=== Work item ===
Everything from the line containing "na pevný disk" through the end of the entries should be transcribed exactly. Leave out all other lines.
▬▬▬▬▬▬▬▬▬▬
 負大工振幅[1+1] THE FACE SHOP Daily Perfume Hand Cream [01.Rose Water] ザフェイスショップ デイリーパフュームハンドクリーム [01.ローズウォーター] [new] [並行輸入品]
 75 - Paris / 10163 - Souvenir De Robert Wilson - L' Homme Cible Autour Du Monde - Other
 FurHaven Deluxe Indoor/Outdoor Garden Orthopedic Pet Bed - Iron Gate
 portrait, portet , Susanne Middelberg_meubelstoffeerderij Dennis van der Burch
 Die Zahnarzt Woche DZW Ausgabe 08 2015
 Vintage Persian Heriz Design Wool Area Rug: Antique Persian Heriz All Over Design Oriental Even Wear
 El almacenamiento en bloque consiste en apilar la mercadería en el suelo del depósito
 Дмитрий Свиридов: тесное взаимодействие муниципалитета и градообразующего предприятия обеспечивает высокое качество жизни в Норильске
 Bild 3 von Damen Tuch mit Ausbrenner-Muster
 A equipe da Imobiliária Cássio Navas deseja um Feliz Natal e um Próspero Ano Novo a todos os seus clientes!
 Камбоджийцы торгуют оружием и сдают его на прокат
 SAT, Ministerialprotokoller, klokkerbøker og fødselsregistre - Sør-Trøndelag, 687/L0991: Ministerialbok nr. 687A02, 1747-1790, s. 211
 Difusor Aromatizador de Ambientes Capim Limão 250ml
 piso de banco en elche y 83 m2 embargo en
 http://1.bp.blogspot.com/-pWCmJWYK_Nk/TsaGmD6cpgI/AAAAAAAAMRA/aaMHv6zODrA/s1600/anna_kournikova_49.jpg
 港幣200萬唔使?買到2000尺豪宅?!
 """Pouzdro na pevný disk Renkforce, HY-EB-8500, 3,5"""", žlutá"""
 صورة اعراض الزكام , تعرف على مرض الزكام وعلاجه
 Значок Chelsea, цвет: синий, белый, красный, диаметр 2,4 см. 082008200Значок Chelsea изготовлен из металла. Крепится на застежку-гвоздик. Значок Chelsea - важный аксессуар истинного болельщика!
▬▬▬▬▬▬▬▬▬▬
=== Result of the task ===
 """Pouzdro na pevný disk Renkforce, HY-EB-8500, 3,5"""", žlutá"""
 صورة اعراض الزكام , تعرف على مرض الزكام وعلاجه
 Значок Chelsea, цвет: синий, белый, красный, диаметр 2,4 см. 082008200Значок Chelsea изготовлен из металла. Крепится на застежку-гвоздик. Значок Chelsea - важный аксессуар истинного болельщика!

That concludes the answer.